Bir yandan otomotiv sektörü satışları ve vergi gelirleri artarken, öte yandan trafik sıkışıklığının ve ithal yakıt tüketiminin yarattığı maliyetler söz konusu. Türkiye’de araçların büyük bir kısmı benzin, motorin veya LPG gibi yakıtlar tüketiyor. Bu yakıtların önemli bir bölümü ise ithal ediliyor. Araç sayısı arttıkça, ülkenin toplam akaryakıt tüketimi de artmakta, bu da dış ticaret açığını olumsuz etkiliyor.
Neden Avrupa’da araç sayısı yüksek olmasına rağmen sorunlar daha az?
Cevap çok basit, Avrupa’daki araçların %60’ı 5 yaş altında.
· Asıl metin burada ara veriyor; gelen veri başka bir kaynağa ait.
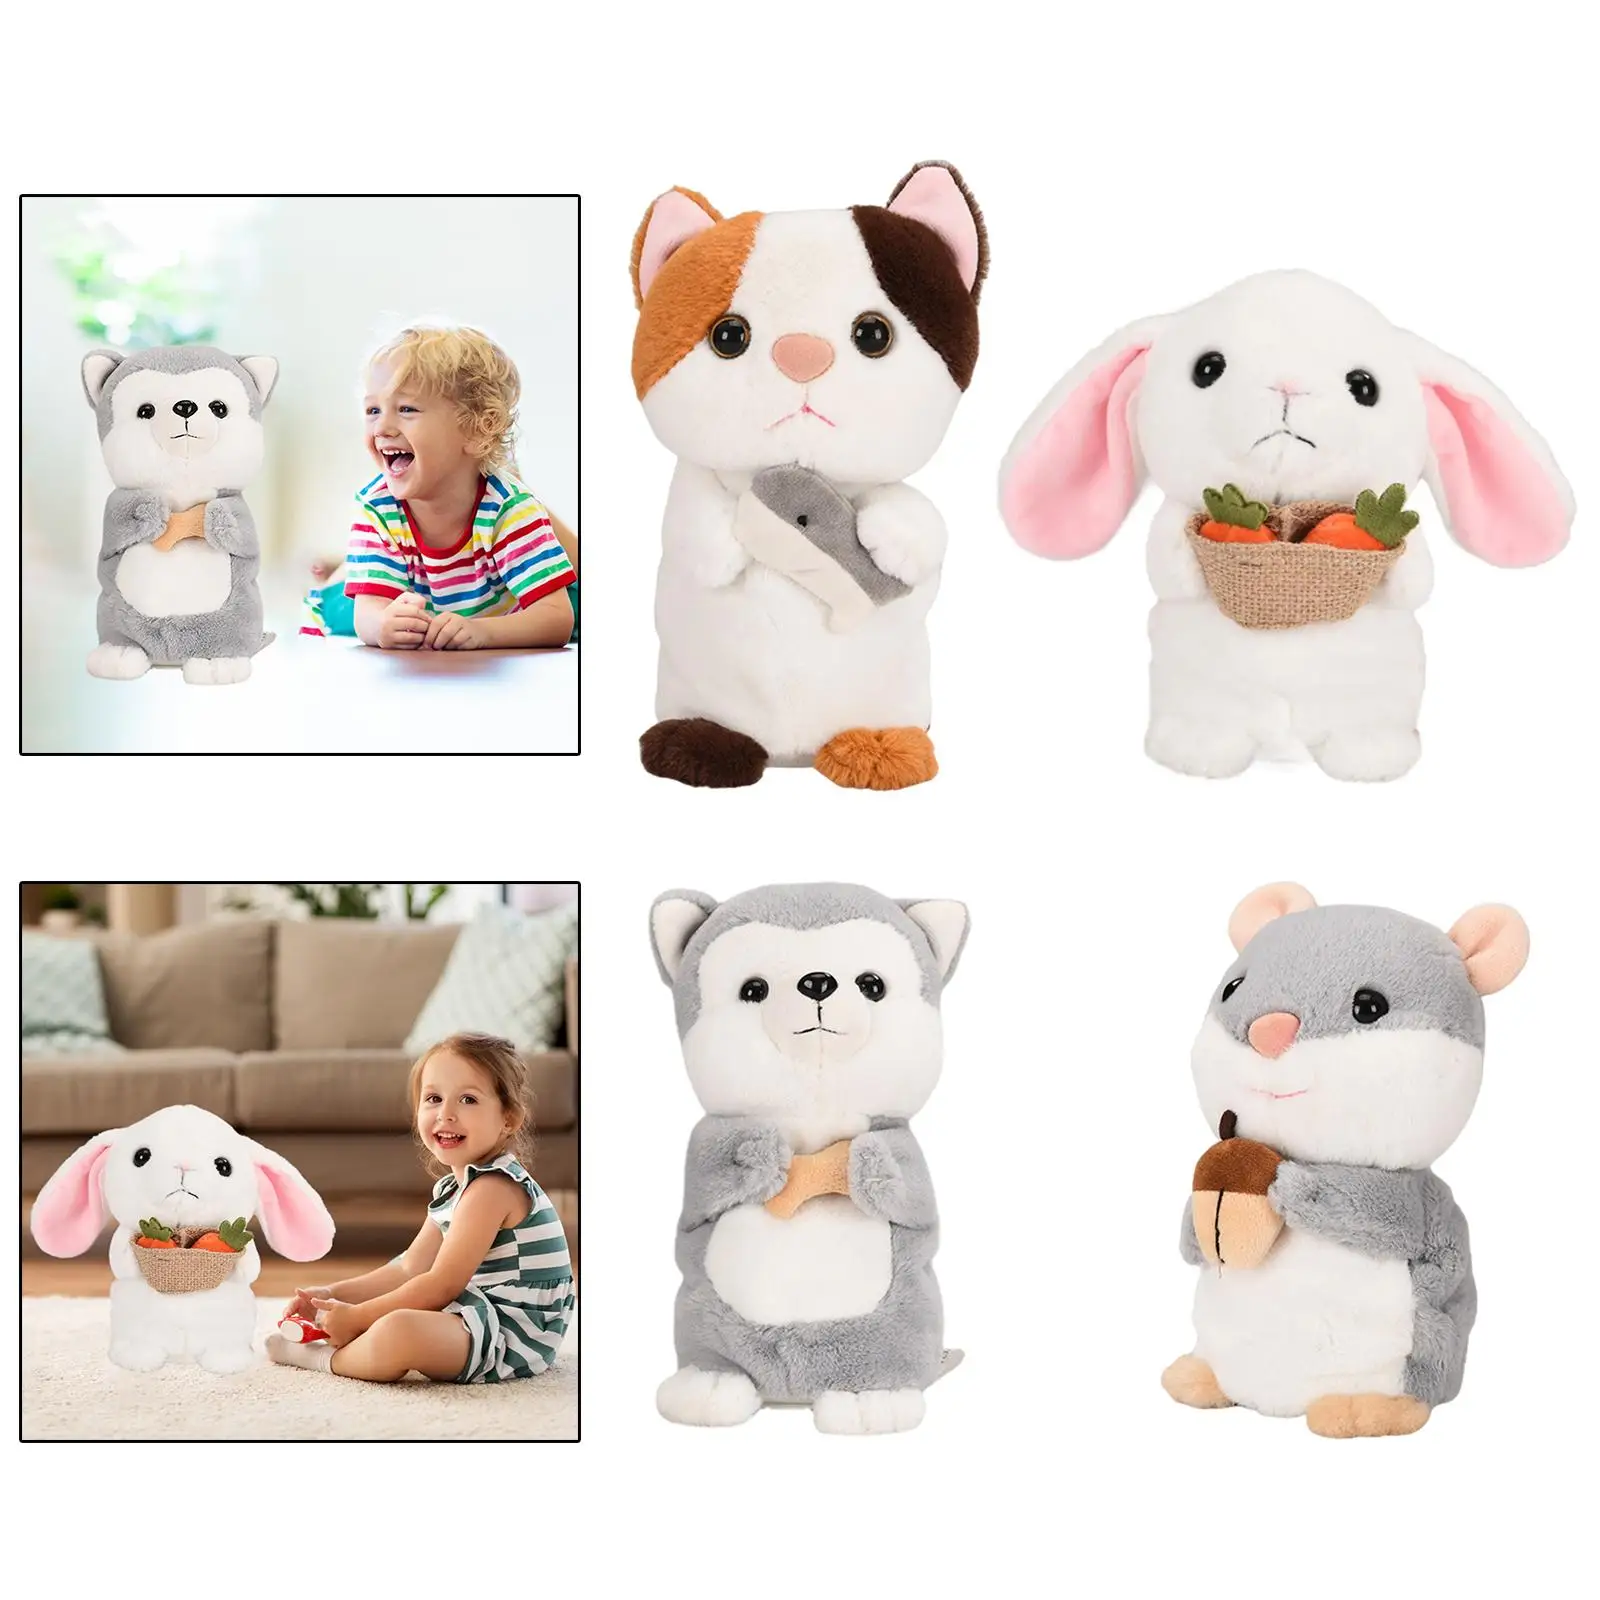 Cute Electric Plush Doll Voice Copy Repeat Birthday Gifts Battery Operated for Girls Boys

Bu oran ise ülkemizde %15. Üstelik toplu taşıma kültürü, Avrupa’da ve Japonya’da araç sahipliğinden çok daha yaygınken ülkemizde çok düşük.
2030’da ise araç sayısının 40 milyonu aşması bekleniyor. Ancak bu oranın artması, ülkemize kıyasla dünyada da hızla artması demek. Tüm bu artışın bırakacağı olumsuz etkileri en aza indirmek için de elektrikli araç teşviki, yaşlı araçların temizlenmesi gibi uygulamalar getirilmeli.
Aslında tabloya geniş bir perspektiften bakınca, Türkiye’deki araç sayısının, Avrupa ve ABD’nin çok gerisinde olduğunu kolaylıkla görebiliriz. Asıl anlaşılması gereken, ülkemizde yaygın olan yaşlı araçların bu sayıyı şişirerek yanılsamaya yol açtığı.